Algojo Prabu Dewatacengkar

Rakyat Kerajaan Medang Kawulan sedang resah oleh pernyataan raja mereka, Prabu Dewatacengkar, bahwa ia sedang memerintahkan BPS untuk melakukan sensus penduduk. Sebagai kerajaan yang sedang berkembang dan membangun, ia menginginkan anak muda Kerajaan Medang Kawulan untuk berperan aktif dalam pembangunan. Perintah tersebut tidak boleh dibantah dan wajib dilaksanakan.

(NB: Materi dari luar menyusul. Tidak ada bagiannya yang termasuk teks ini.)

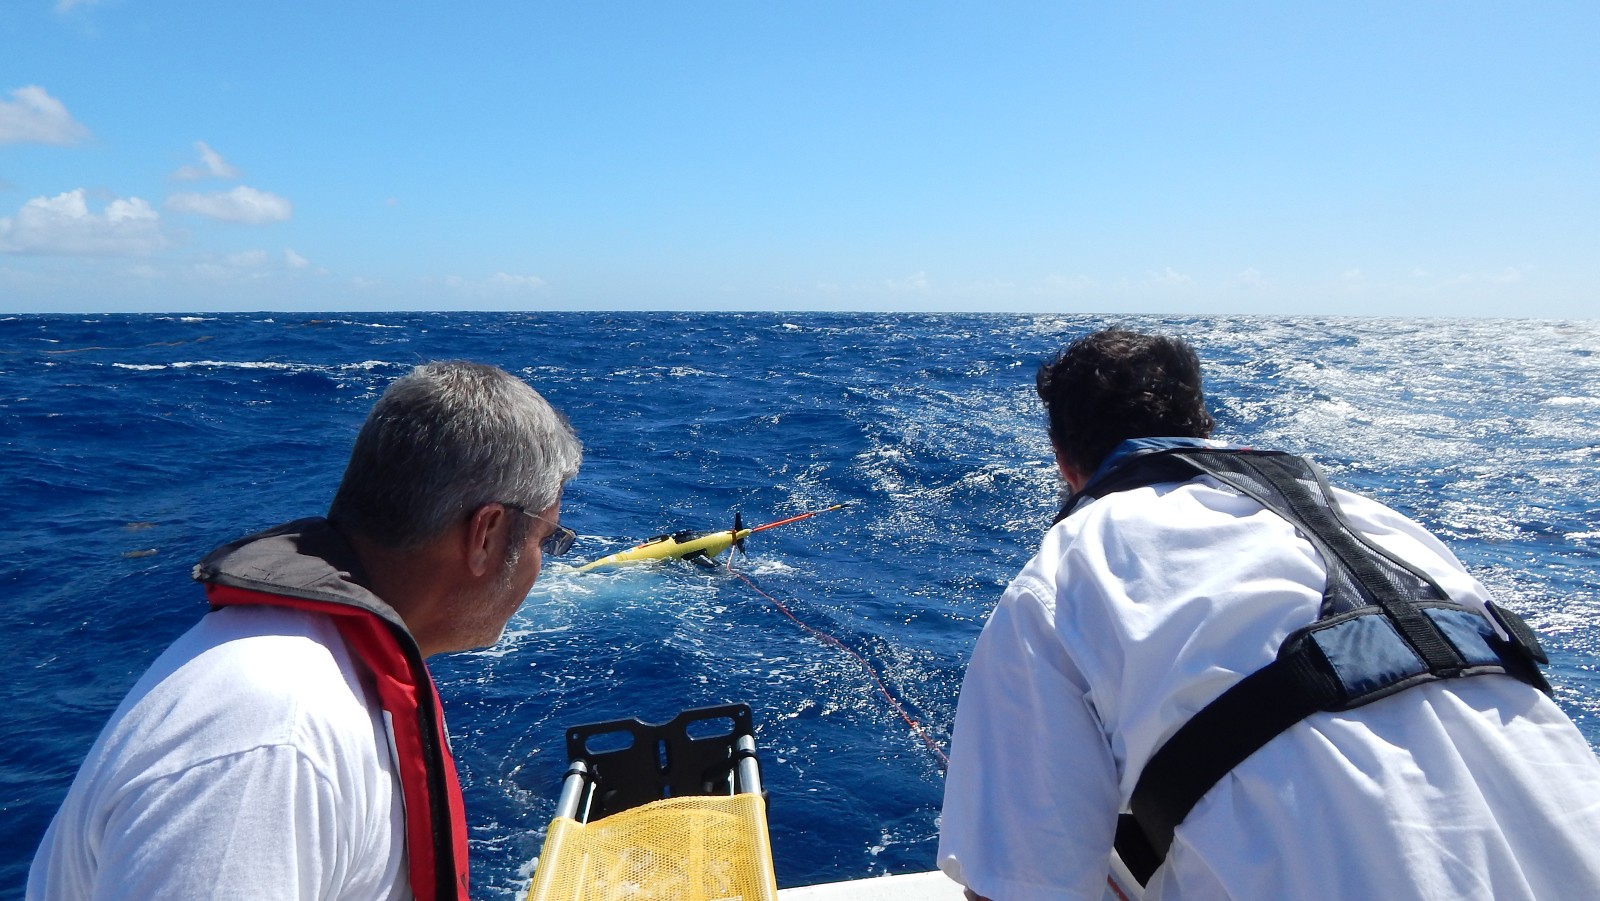 El profesor Julio Morell de la Universidad de Puerto Rico en Mayagüez y Grant Rawson del AOML, observan el planeador a la deriva después de desplegarlo el 6 de febrero de 2015. Crédito de la imagen: NOAA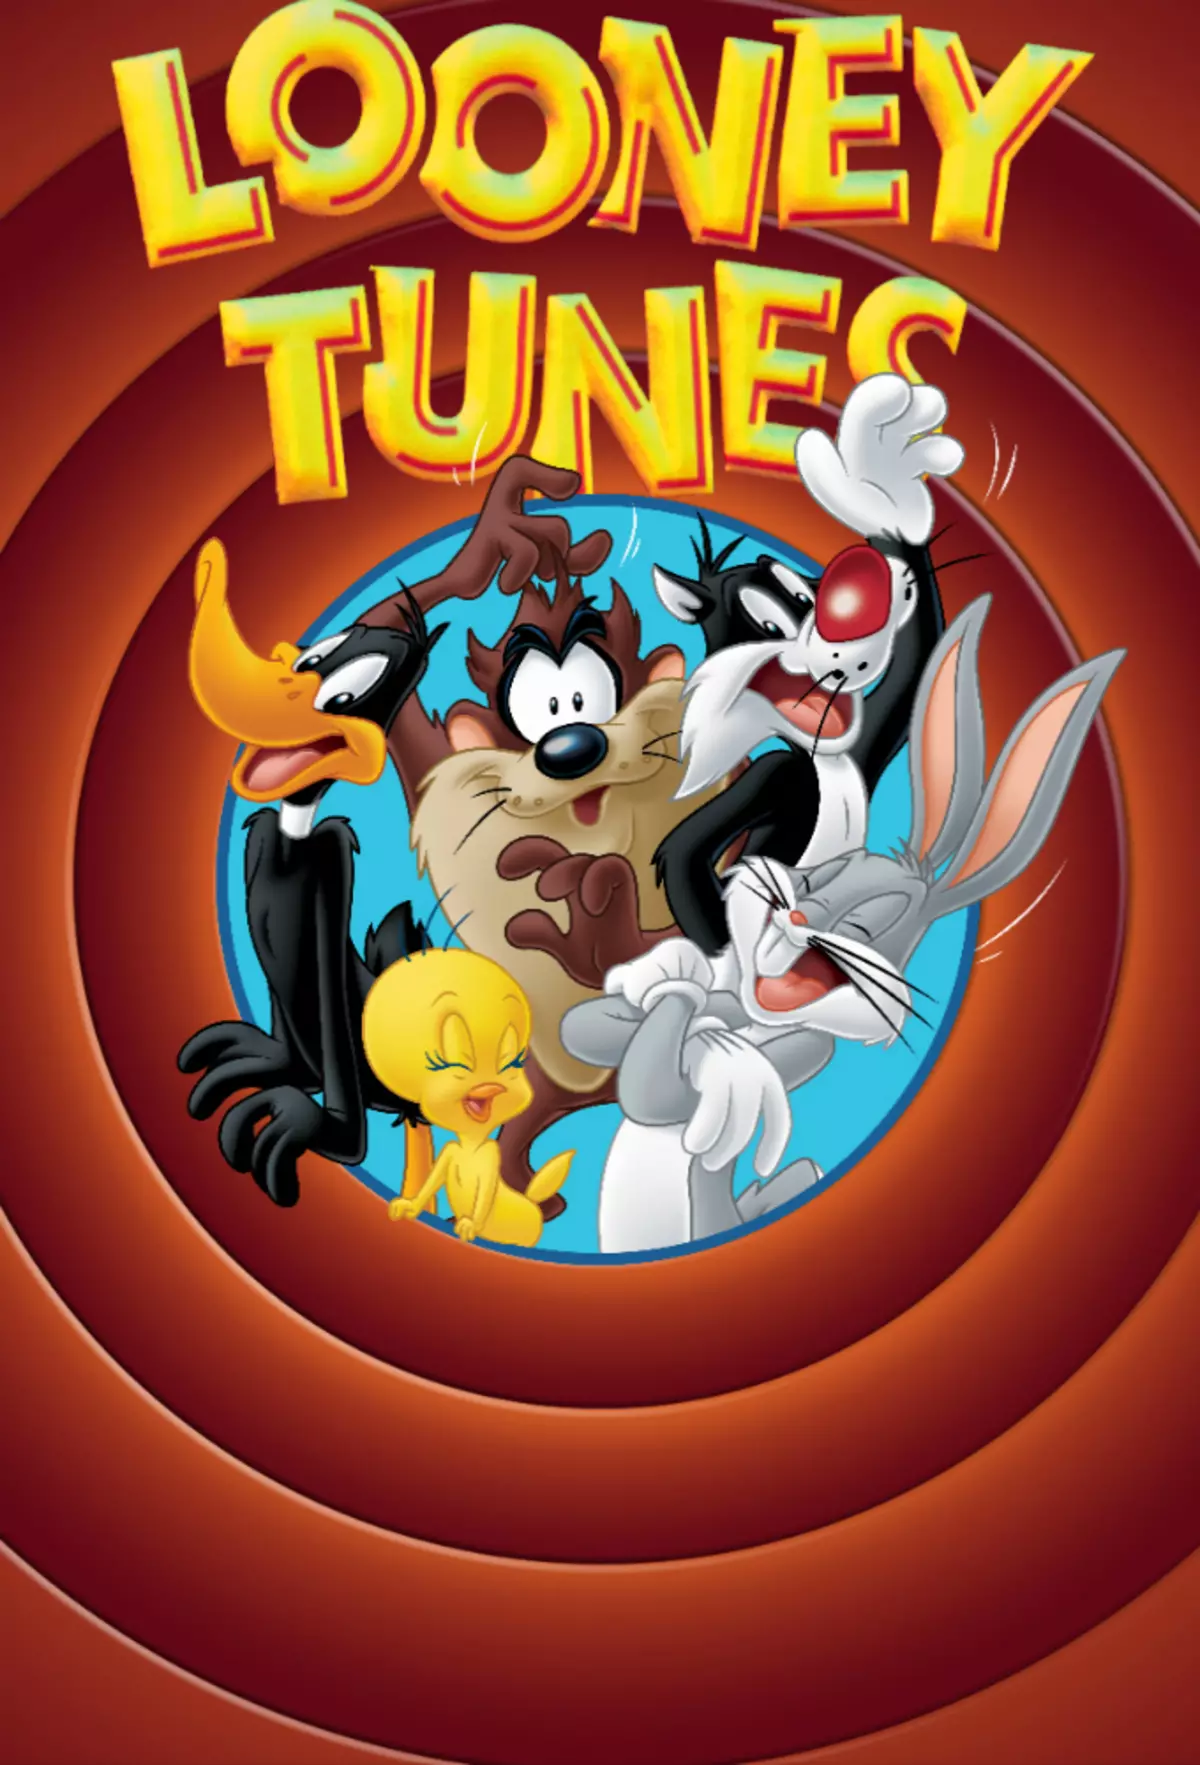 Looney Tunes HBO میکس میں دیکھنے کے ذریعے

Keresahan yang dirasakan rakyat Medang Kawulan dipicu beredarnya kabar bahwa pendataan anak muda sebetulnya hanya kedok belaka. Konon, anak-anak muda tersebut akan disantap sebagai makanan oleh Prabu Dewatacengkar. Sangat mengerikan!

Dan benar saja, Prabu Dewatacengkar mulai memerintahkan Algojo kesayangannya untuk membawa satu anak muda per hari ke keratonnya. Entah, mereka mau dimakan atau di-training sebelum diterjunkan ke lapangan untuk membangun negeri.

Pada hari ketiga puluh enam, jadwal Algojo mendatangi sebuah rumah yang dihuni oleh seorang pemuda yang bernama Ajisaka. Sesuai catatan yang ia punya – Algojo selalu membawa map yang isinya berkas biodata korban, yang tebalnya hampir satu rim – hari itu menjadi jatah Ajisaka didatangi olehnya. Tak sulit bagi Algojo mendapati di mana Ajisaka tinggal. Data yang dibikin oleh BPS Medang Kawulan sangat akurat.

“Selamat datang di rumahku, Tuan Algojo!”

Algojo terpana atas sapaan ramah yang ia terima. Biasanya orang yang ia datangi akan gemetaran.

“Engkau tentu capek sekali, saban hari berkeliling negeri mendatangi seorang pemuda lalu engkau mengajaknya ke istana. Duduklah di kursiku barang sejenak.”

Sangat mengherankan, Algojo manut bagaikan kerbau dicocok hidungnya. Ia duduk di kursi tamu sementara matanya mengamati sosok Ajisaka.

“Wahai Ajisaka, hari ini menjadi jatahmu untuk aku bawa ke istana. Bersiap-siaplah sebab waktuku tidak banyak!”

“Sabarlah, Tuan Algojo. Aku akan bikinkan kamu wedang jahe hangat supaya letih tubuhmu menjadi segar kembali.”

Ajisaka pun beranjak ke dapur untuk membikin wedang jahe, dan tak lama kemudian ia telah menyajikan di hadapan Algojo. Tanpa curiga sedikit pun Algojo segera meminum wedang jahe. Hangatnya segera menjalar ke seluruh tubuhnya.

Nikmatnya wedang jahe telah membuat Algojo tertidur pulas.

Setelah yakin kalau Algojo telah tertidur nyenyak, ia segera membuka map yang tergeletak di bawah kaki Algojo. Ajisaka melihat berkas miliknya berada  di tumpukan paling atas. Dengan terburu-buru, ia pindahkan berkas miliknya ke tumpukan paling bawah.

Algojo menggeliat dan melakukan peregangan disertai dengan suara menguap yang keras sekali. Rupanya ia telah terbangun dengan kondisi tubuh yang telah segar kembali.

“Terima kasih Ajisaka, kini tubuhku segar kembali. Aku telah siap untuk melanjutkan tugasku. Sebagai ucapan terima kasihku padamu, penjemputanmu aku tunda.”

Ajisaka mengangguk gembira.

“Aku kasih tahu, siapa-siapa saja yang akan aku jemput daftarnya ada di map ini. Urut dari atas ke bawah. Berkasmu ada di urutan paling atas, makanya hari ini aku datang kepadamu.”

Ajisaka memberi hormat.

Diam-diam Algojo mempunyai rencana kalau urutan penjemputan ia balik: dari berkas yang paling bawah.